The courses matter too. Five Iron’s roster includes Royal Birkdale (hosting The Open next month), Pebble Beach, and 300-plus other courses worldwide. For the casual golfer, playing Royal Birkdale on a Tuesday night is a selling point. For the serious golfer who travels, it’s genuinely useful practice — knowing the course before you walk it.

What This Means for Home Sim Owners

This might seem like a commercial real estate story that has nothing to do with the garage you’re planning to turn into a sim room. But it actually matters for you.

Every time a Five Iron or a Golf Lounge 18 or a PGA Tour Superstore simulator bay opens, it does two things for the home market — and I wrote about the broader sim facility boom if you want the full picture.

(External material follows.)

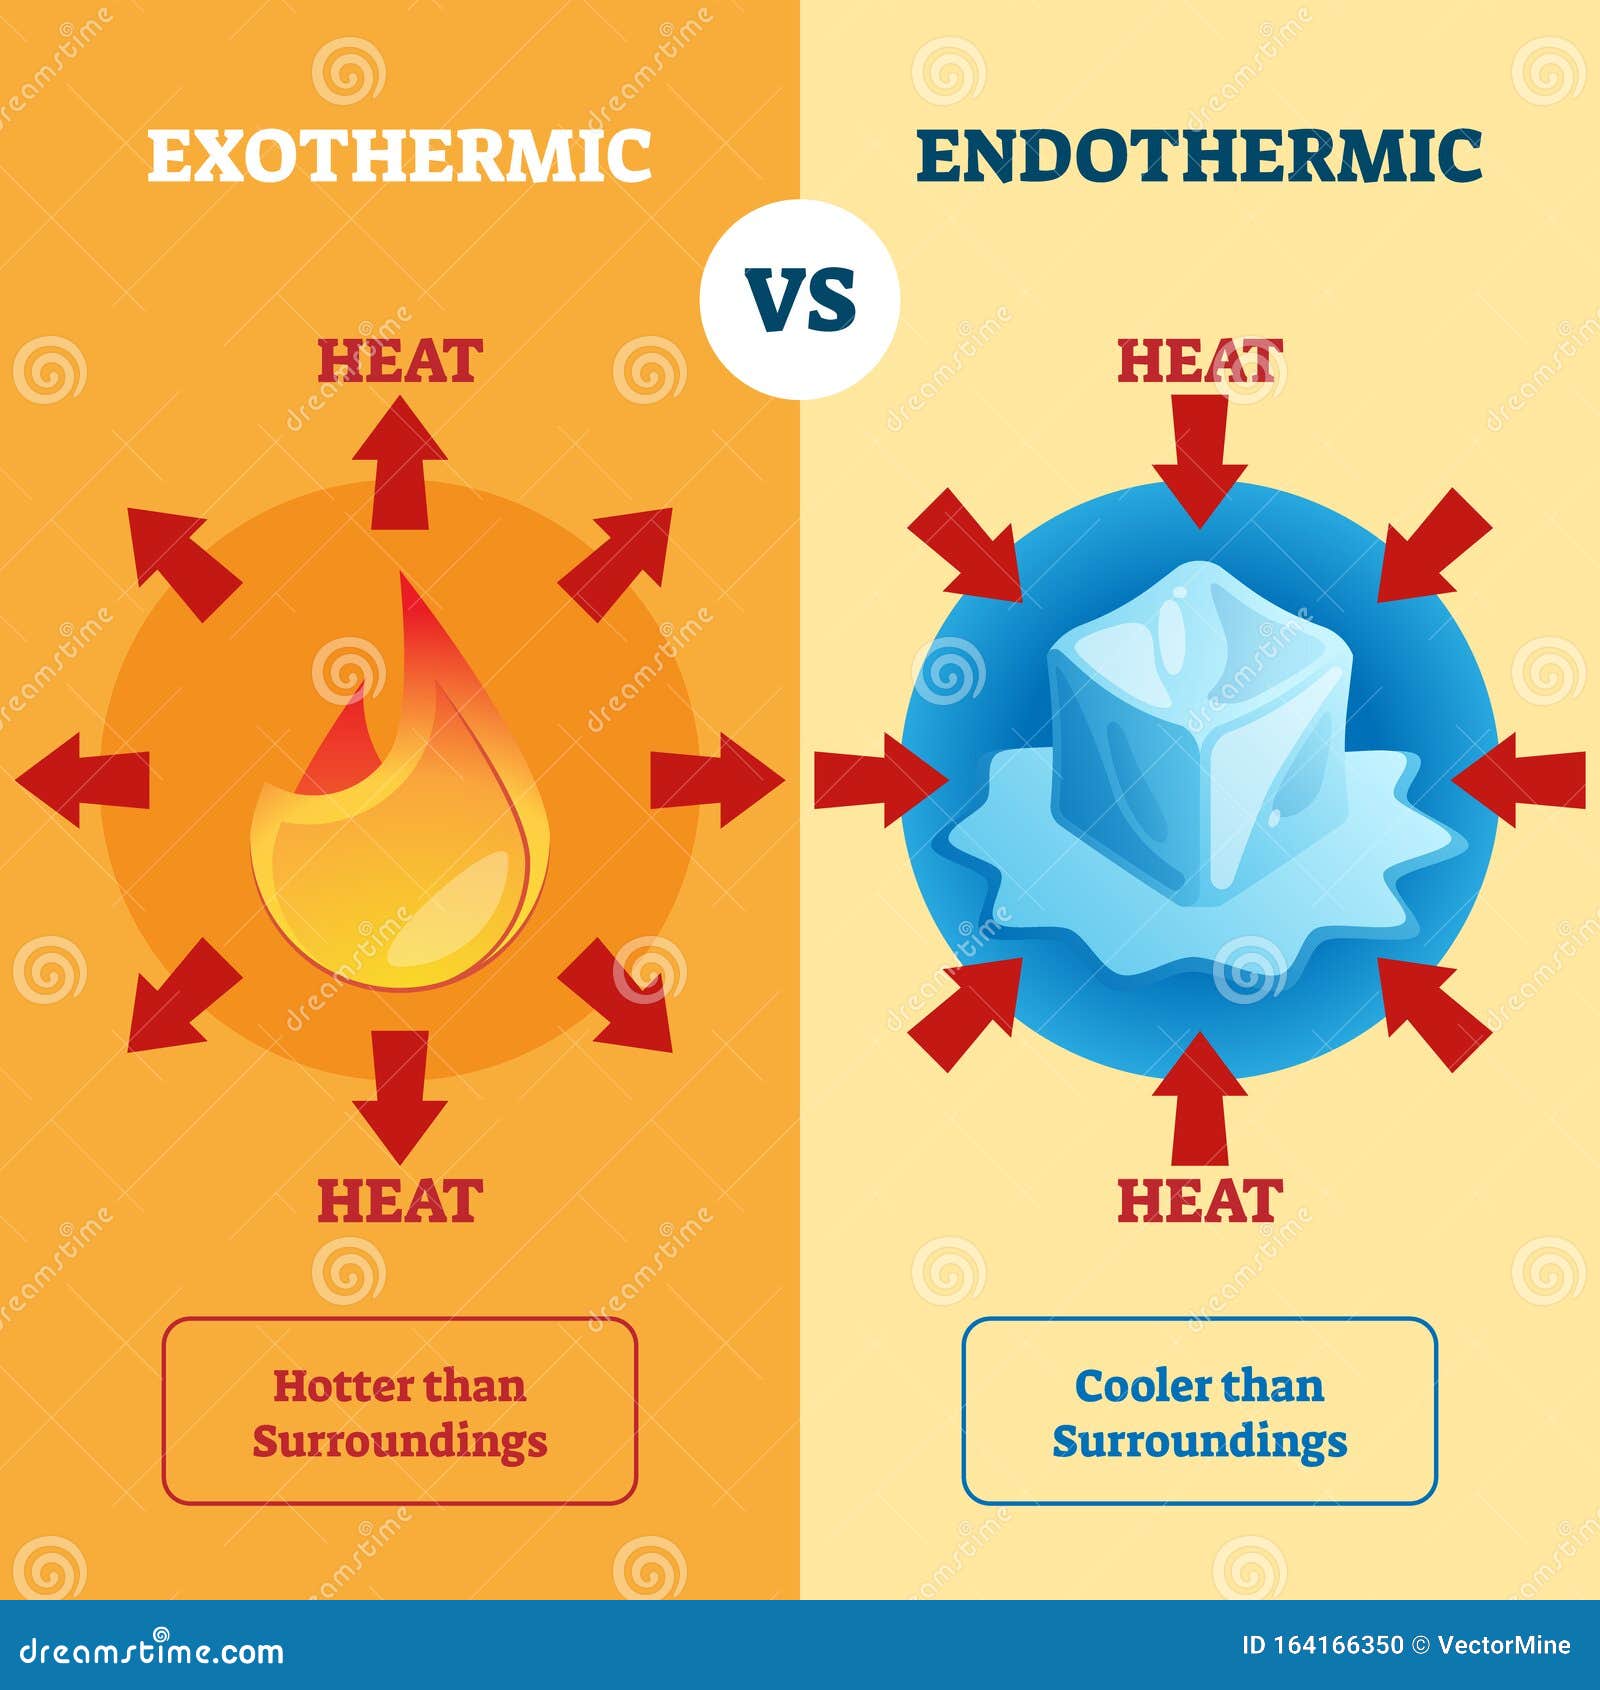 Exothermic Vs Endothermic Diagram
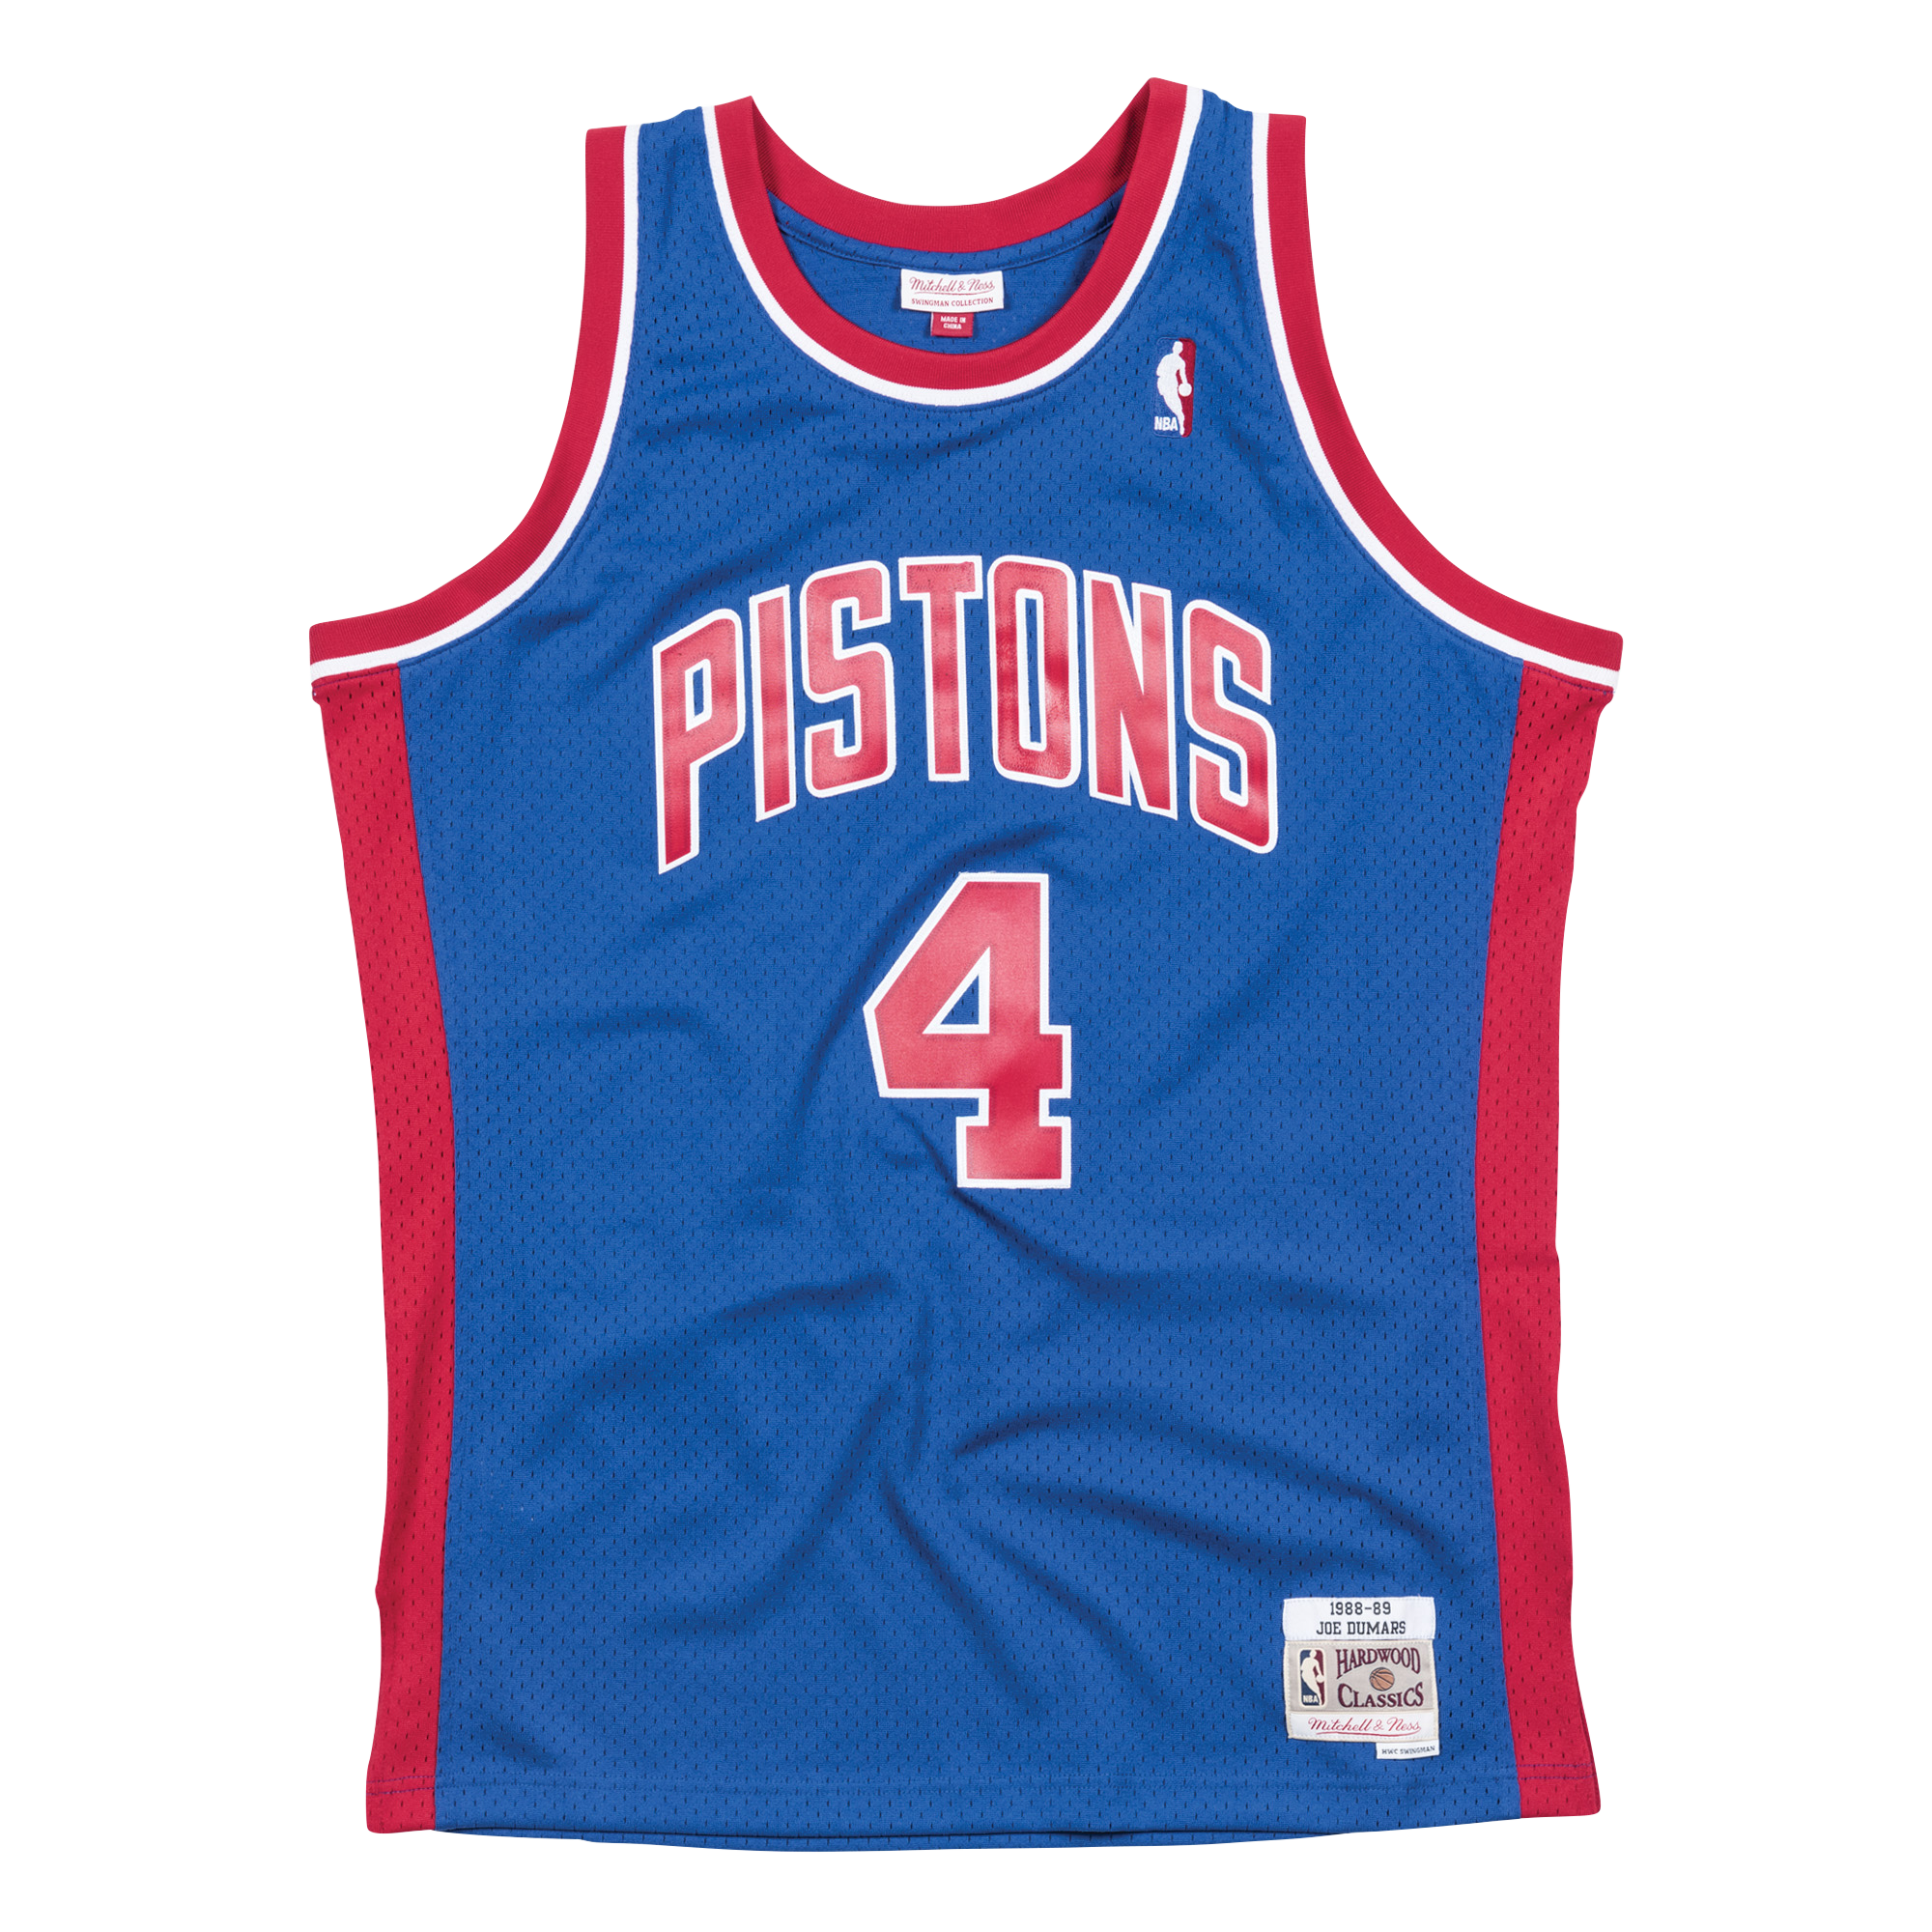 Detroit Pistons PNG HD Quality

One, it normalizes the experience. More people try sim golf, more people want it at home, more people search for how to build a golf simulator. The rising tide lifts every enclosure manufacturer, every launch monitor maker, every software platform. The more commercial sims there are, the bigger the home market gets.

Two, it drives technology competition. Commercial venues push for better accuracy, better graphics, better integration. Trackman, Full Swing, and Uneekor compete on who can land the next Five Iron contract. That competition trickles down into consumer products. The Garmin R10 exists because the market for home golf got big enough to justify a $599 launch monitor. The market got that big in part because places like Five Iron proved there was demand.

The Norwalk opening is scheduled for August 2026. If you’re in Connecticut and you’ve been curious about sim golf but didn’t want to drop $3,000 on a home setup just to try it, this is your low-risk entry point. Walk in, pay for a bay, hit some balls, see if it’s for you. If it is, you’ll know exactly what to build. If it isn’t, you had a drink and a laugh and you’re out $40.

Either way, the fact that Five Iron thinks Connecticut can support 10 more Trackman bays tells you everything you need to know about where this industry is headed.